Array conversion at I/O boundaries (``ensure_numpy()``) is the most frequent
performance-sensitive operation. The I/O adapters provide monitoring to
identify bottlenecks.

**Enable monitoring**::

    from xpcsviewer.backends import get_backend, create_adapters

    backend = get_backend()
    pyqt_adapter, hdf5_adapter, mpl_adapter = create_adapters(
        backend,
        enable_monitoring=True,
    )

    # ... use adapters in analysis workflow ...

    # Check statistics
    stats = pyqt_adapter.get_stats()
    print(f"Conversions: {stats['conversion_count']}")
    print(f"Avg time: {stats['average_conversion_time_ms']:.3f} ms")

**Typical conversion overhead**:

.. list-table::
   :header-rows: 1
   :widths: 40 30 30

   * - Array Size
     - CPU (NumPy -> NumPy)
     - GPU (JAX -> NumPy)
   * - 100x100 (10K elements)
     - < 0.01 ms
     - ~0.1 ms
   * - 1024x1024 (1M elements)
     - < 0.01 ms
     - ~0.5 ms
   * - 4096x4096 (16M elements)
     - < 0.01 ms
     - ~5 ms

When the backend is NumPy, ``ensure_numpy()`` is essentially free (returns the
input array if it is already a writable NumPy array). When the backend is JAX,
data must be copied from the device (GPU or CPU-backed JAX arrays) to a
standard NumPy array.

**Minimize unnecessary conversions**:

- Convert at the I/O boundary, not inside computation loops.
- Avoid converting the same array multiple times; store the NumPy result.
- For small arrays used only for display, the overhead is negligible.


Fitting Performance
-------------------

**NLSQ warm-start**:

The NLSQ solver provides fast point estimates to initialize the Bayesian
sampler. Use presets to control the speed/robustness tradeoff:

.. list-table::
   :header-rows: 1
   :widths: 20 30 50

   * - Preset
     - Typical Time
     - Use Case
   * - ``fast``
     - 1--5 ms
     - Quick preview, known-good data
   * - ``robust``
     - 5--50 ms
     - Default for production use
   * - ``global``
     - 50--500 ms
     - Multi-modal or difficult optimization landscapes
   * - ``large``
     - varies
     - Large parameter spaces (>10 parameters)

**NumPyro NUTS tuning**:

Adjust ``SamplerConfig`` for the speed/accuracy tradeoff::

    from xpcsviewer.fitting.results import SamplerConfig

    # Fast exploration (fewer samples, fewer chains)
    fast_config = SamplerConfig(
        num_warmup=200,
        num_samples=500,
        num_chains=2,
    )

    # Production quality
    production_config = SamplerConfig(
        num_warmup=500,
        num_samples=1000,
        num_chains=4,
        target_accept_prob=0.8,
        random_seed=42,  # Reproducibility
    )

**Batch fitting tips**:

1. Fit multiple Q-bins in parallel using the threading manager.
2. Check ``FitDiagnostics.converged`` to skip diagnostic plots for
   well-converged fits.
3. Use ``nlsq_optimize()`` alone (without NUTS) for exploratory analysis
   where full Bayesian inference is not needed.


Profiling Workflow
------------------

1. **Identify the bottleneck** using ``@log_timing`` output::

       export PYXPCS_LOG_LEVEL=DEBUG
       python -m xpcsviewer

   Look for methods that exceed their ``threshold_ms`` (logged at WARNING).
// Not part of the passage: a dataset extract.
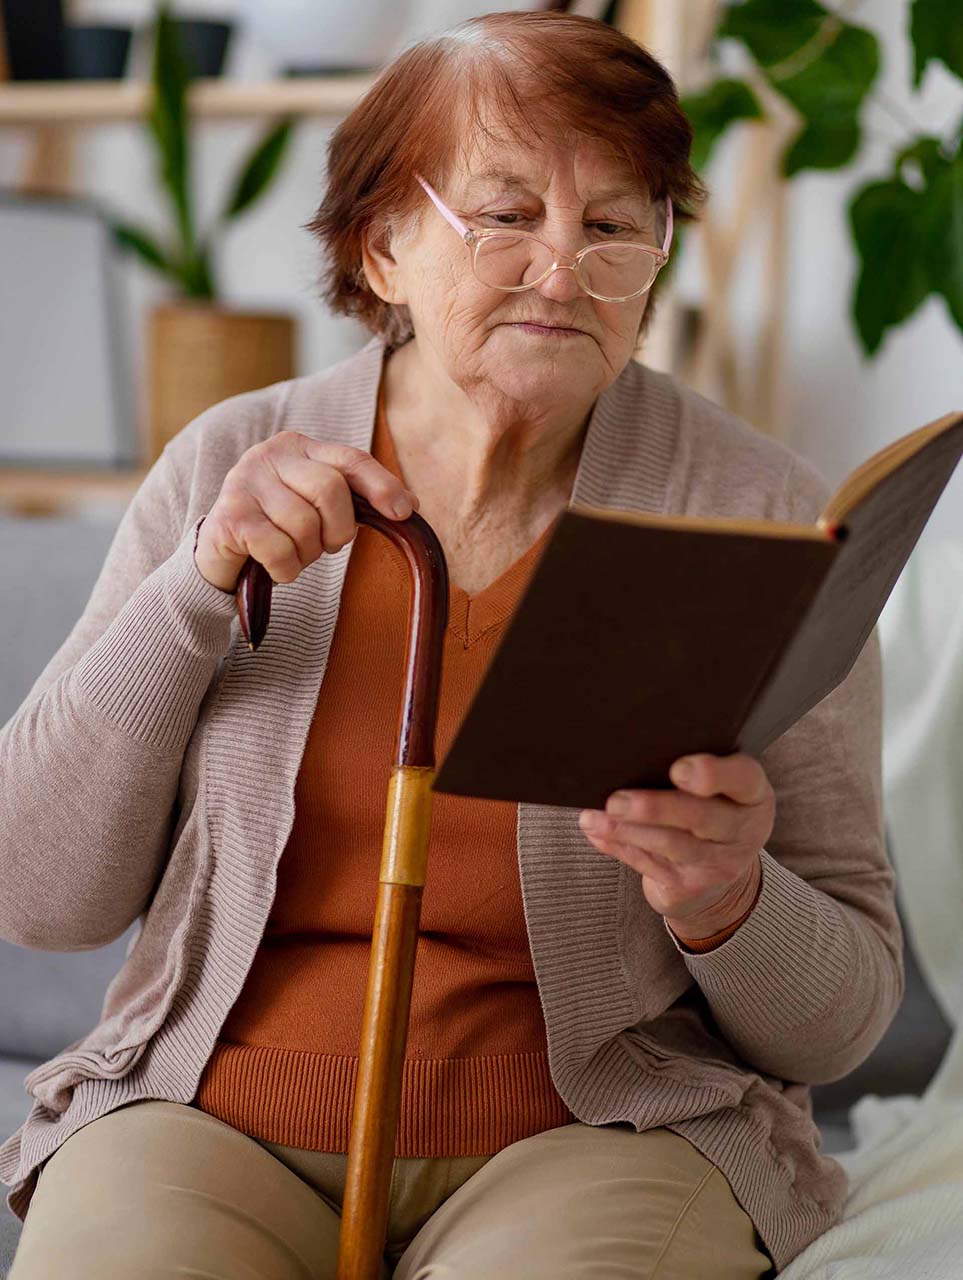 Live peace seniors, Old woman reading book, senior care educational blogs

2. **Check I/O adapter stats** for excessive conversions::

       stats = pyqt_adapter.get_stats()
       if stats['average_conversion_time_ms'] > 1.0:
           print("Conversion overhead detected")

3. **Check HDF5 pool stats** for cache misses::

       pool_stats = facade.get_pool_stats()
       if pool_stats['cache_hit_ratio'] < 0.9:
           print("Poor cache hit ratio -- check file access patterns")

4. **Check JIT compilation** by comparing first-call vs. subsequent-call
   times in DEBUG logs. First calls that are >100x slower indicate JIT
   overhead that may benefit from warm-up.